Hey, does anybody know the NAME of the place on State St. south of Hartville? I've searched the web and can't come up with a name or phone number for the place.


----------



## thelatrobe33 (May 19, 2008)

C_Horse said:


> Hey, does anybody know the NAME of the place on State St. south of Hartville? I've searched the web and can't come up with a name or phone number for the place.


Anglers Fish Camp I believe. Search on here there are threads about it.


----------



## Ry440 (May 11, 2011)

CABIN FEVER THREAD! This thing is like 2 years old and wont die haha


----------



## oz1222 (Jun 16, 2010)

mismas1 said:


> Its like 5 bucks if you don't live in Eastlake. If you live in Eastlake its free.

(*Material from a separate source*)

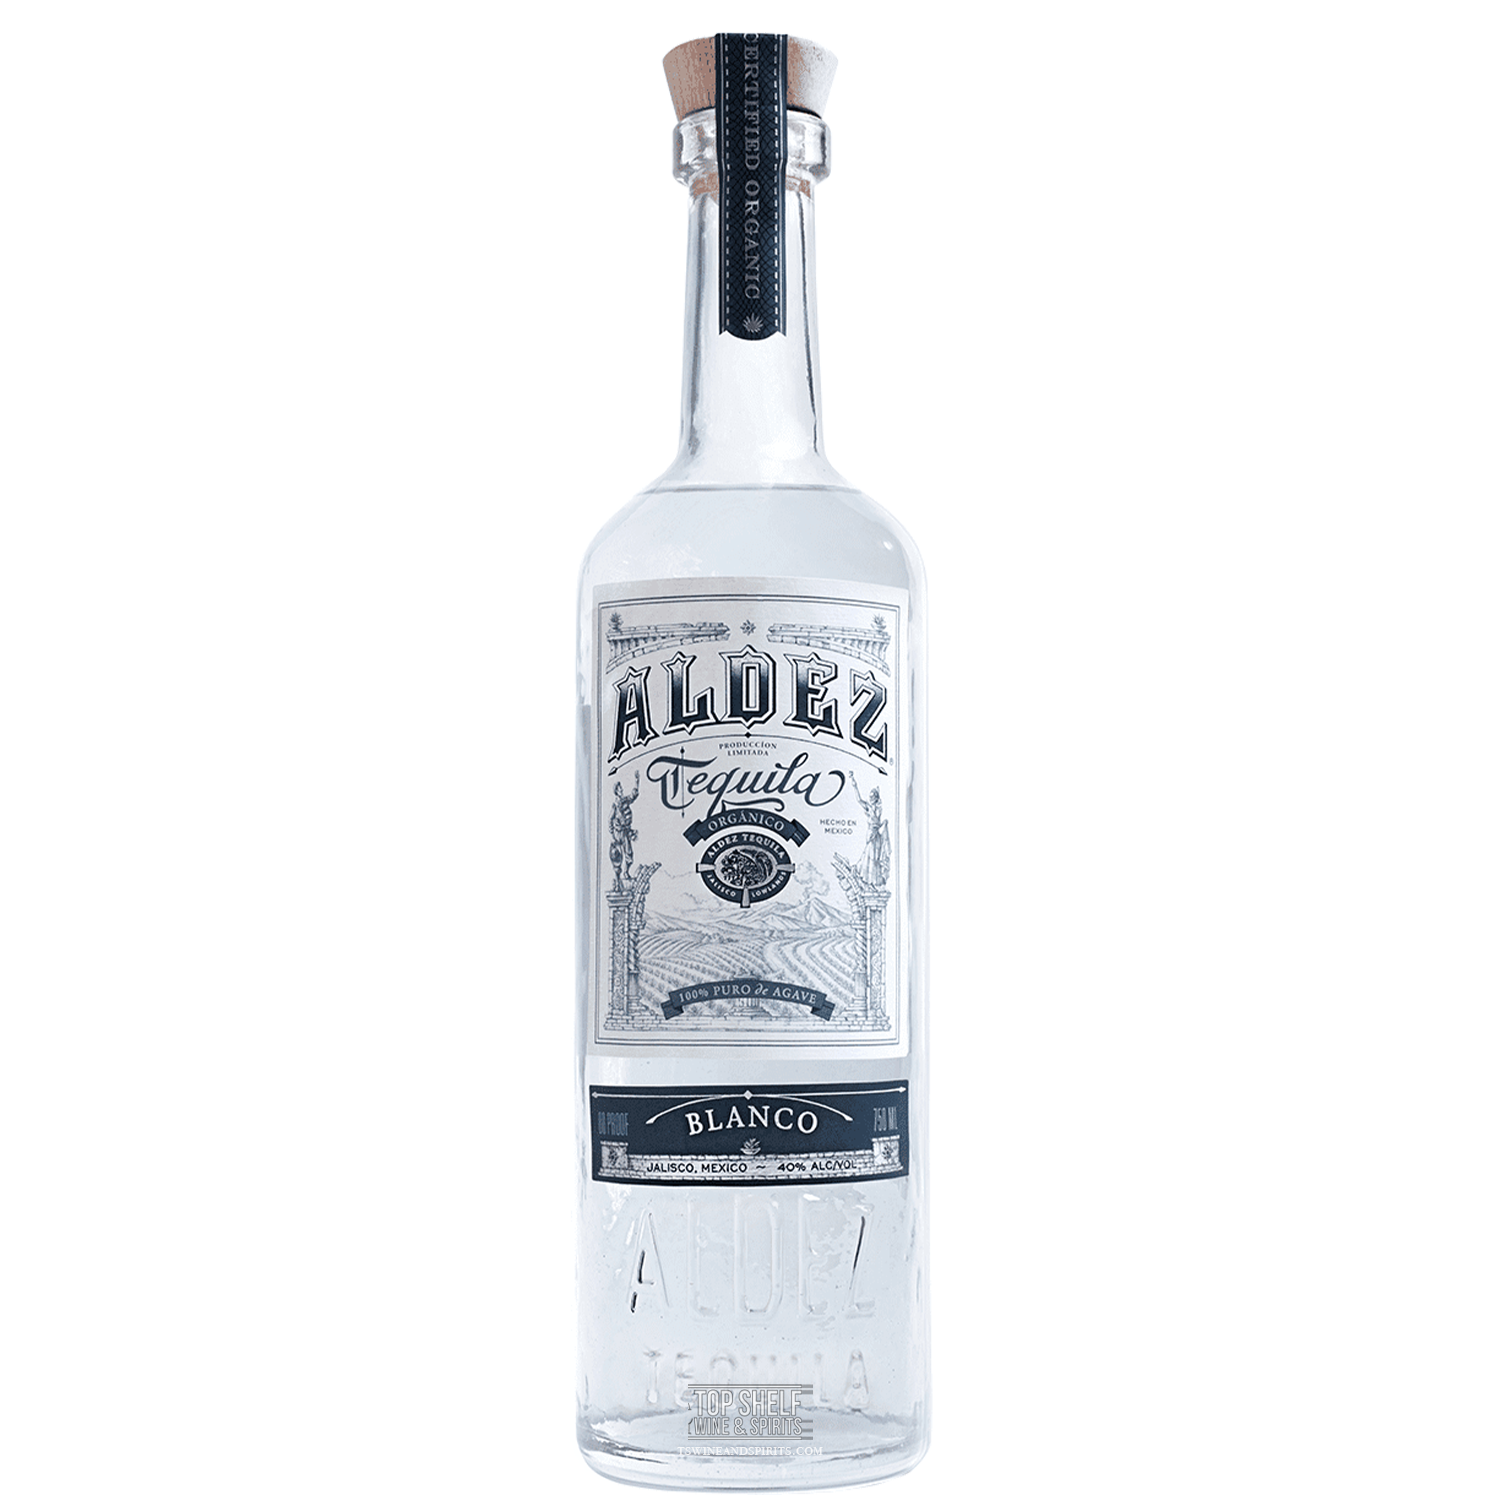 Aldez Organic Blanco Tequila

I used to fish there as a kid. LOTS of sheephead. Some white bass if you time it correctly.


----------



## Crappie Slayr (Mar 6, 2010)

http://catfishermansparadise.com/ in camden ohio....its close to the indiana border....ive been here once and it is a blast the smallest fish i got was 18lbs but we were only using cutbait and livers the guy across was using live bluegills(which they dont sell there ) and not only got a 44pounder but he also got 72 catfish within 24 hours...he was pullin em in like crappies ...aside from the drive out there its pretty cheap and you can win money too...i believe it is $17 for 12 hrs and for an extra 3 your entered into the contest... the site tells more about prizes and rates but its a blast...take plenty of bait cuz its not too cheap there and take some heavy tackle lol you can youtube catfishermans paradise and theres alot of videos on there my favorite is a guy pullin in a 50+ pounder....hope this helps


----------